僕は大雨から人々を救いたいと心のサイコロを振った。出たサイコロの目は・・・。


「地上に降り注いだ雨を天に返す、水返し!」


逆流を始めた。地上に降り注いだ大量の雨が空に向かって登っていく。


「水が!? 水が空に上がっていく!?」

「なんだ!? 何が起こっているんだ!?」

「こんな光景・・・見たことが無い!?」

「虹だ! 虹が出てるぞ!」

「きれい。」

「きっと神様に願いが届いたんだ!? ありがとう! 神様!」

「ははは、神様は僕のお父さんだから。」


人々は奇跡を見ていた。神でなければ起こせないような奇跡を目の当たりしている。しかし、奇跡を起こしたのは神ではない。さいぴょんである。


「クックックッ!? 忌々しい、さいぴょんめ!? 生みの親に歯向かうとは・・・許せん!」

「いいじゃないか。さいぴょんは、おまえのかわいい息子だろうが。」

「嫌だ!? 俺が1番じゃないきゃ!?」

「わがままだな。」

「だって、神だもの。」

「可愛く言うな。」

「あは!」


これでも俺は神なのだ。神が自ら生み出した息子に負けることがあってはいけないのだ。神は絶対でなければならないのだ。


「まさか俺が悪役になろうとは・・・いいだろう。神の特権を使い極悪非道の限りを尽くし、我が息子を倒し、俺が1番だと証明しよう!」

「自己中、サイコパス、他人を思いやれ。」

「いやあ、面白くなってきたな。神を悪役にすれば、人間に試練を与えるなど雑作もないこと。どうして今まで気づかなかったんだ。俺のバカバカ。」

「おまえ、神じゃなかったら、生きていけないと思うわ。」

「俺を神に産んでくれてありがとう。神様。」

「神様は、おまえだ。」

「あは! そうでした。」


ということで俺の方針は決まった。決心した俺の顔つきはイキイキとしていた。これから何をするのかも決まった。

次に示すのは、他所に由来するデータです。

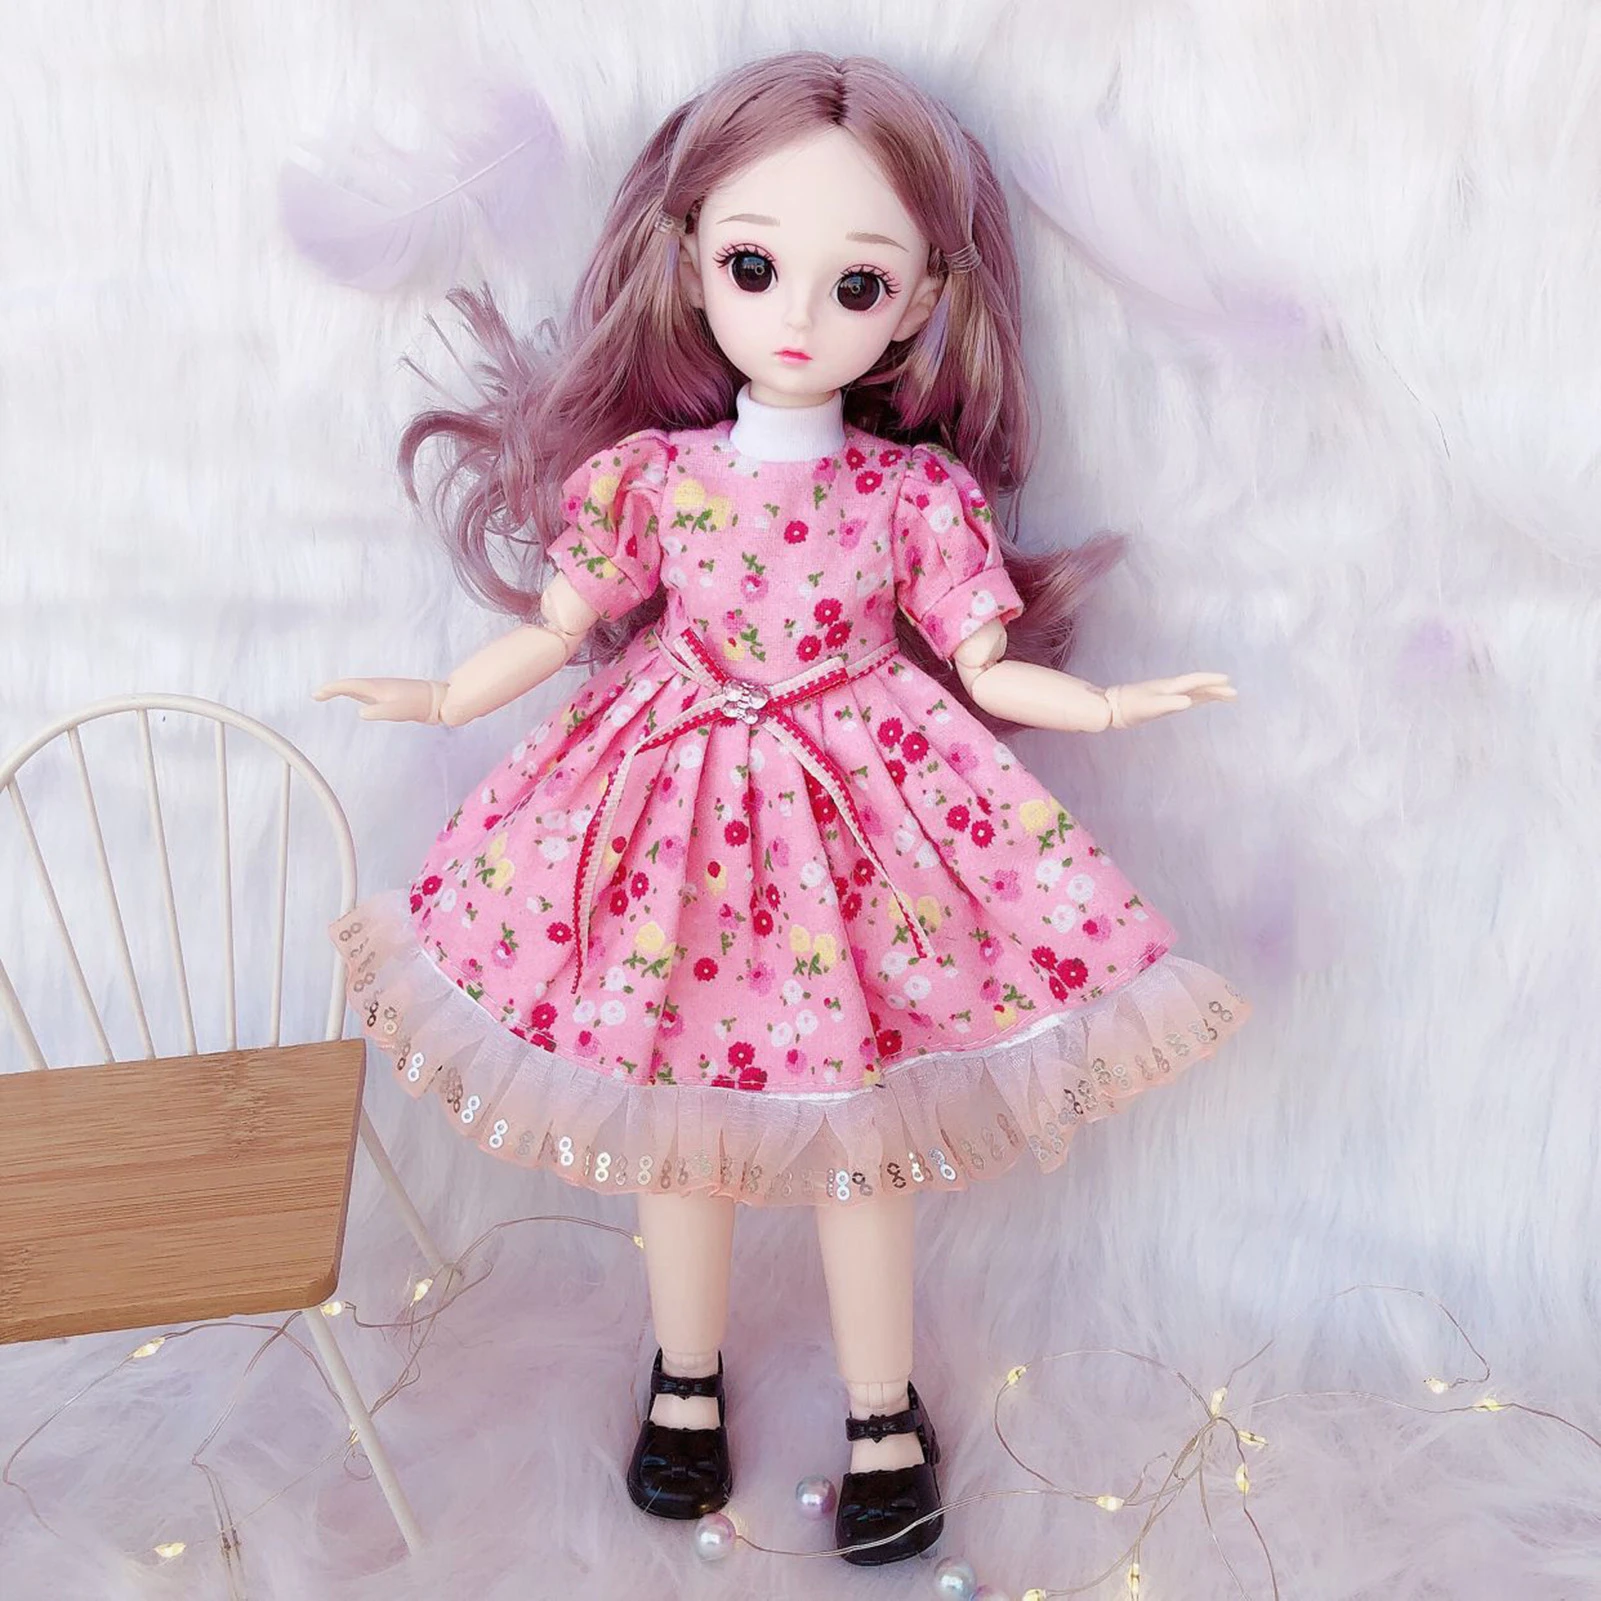 22 articulaciones movibles BJD Doll 12 pulgadas 30cm 1/6 maquillaje vestir  muñecas lindas con vestido de moda juguetes de belleza para niñas regalos  de navidad|BJD Muñecas| - AliExpress

「いくぞ! くまぴょん! 俺のサイコロを取り戻す!」

「なんで私まで!?」

「いいだろう!? 友達なんだから!?」

「はいはい。しょうがない。一緒に行けばいいんでしょう。」

「ありがとう!」


こうして、俺とくまぴょんは、生意気なさいぴょんからサイコロを取り戻すために動き始めた。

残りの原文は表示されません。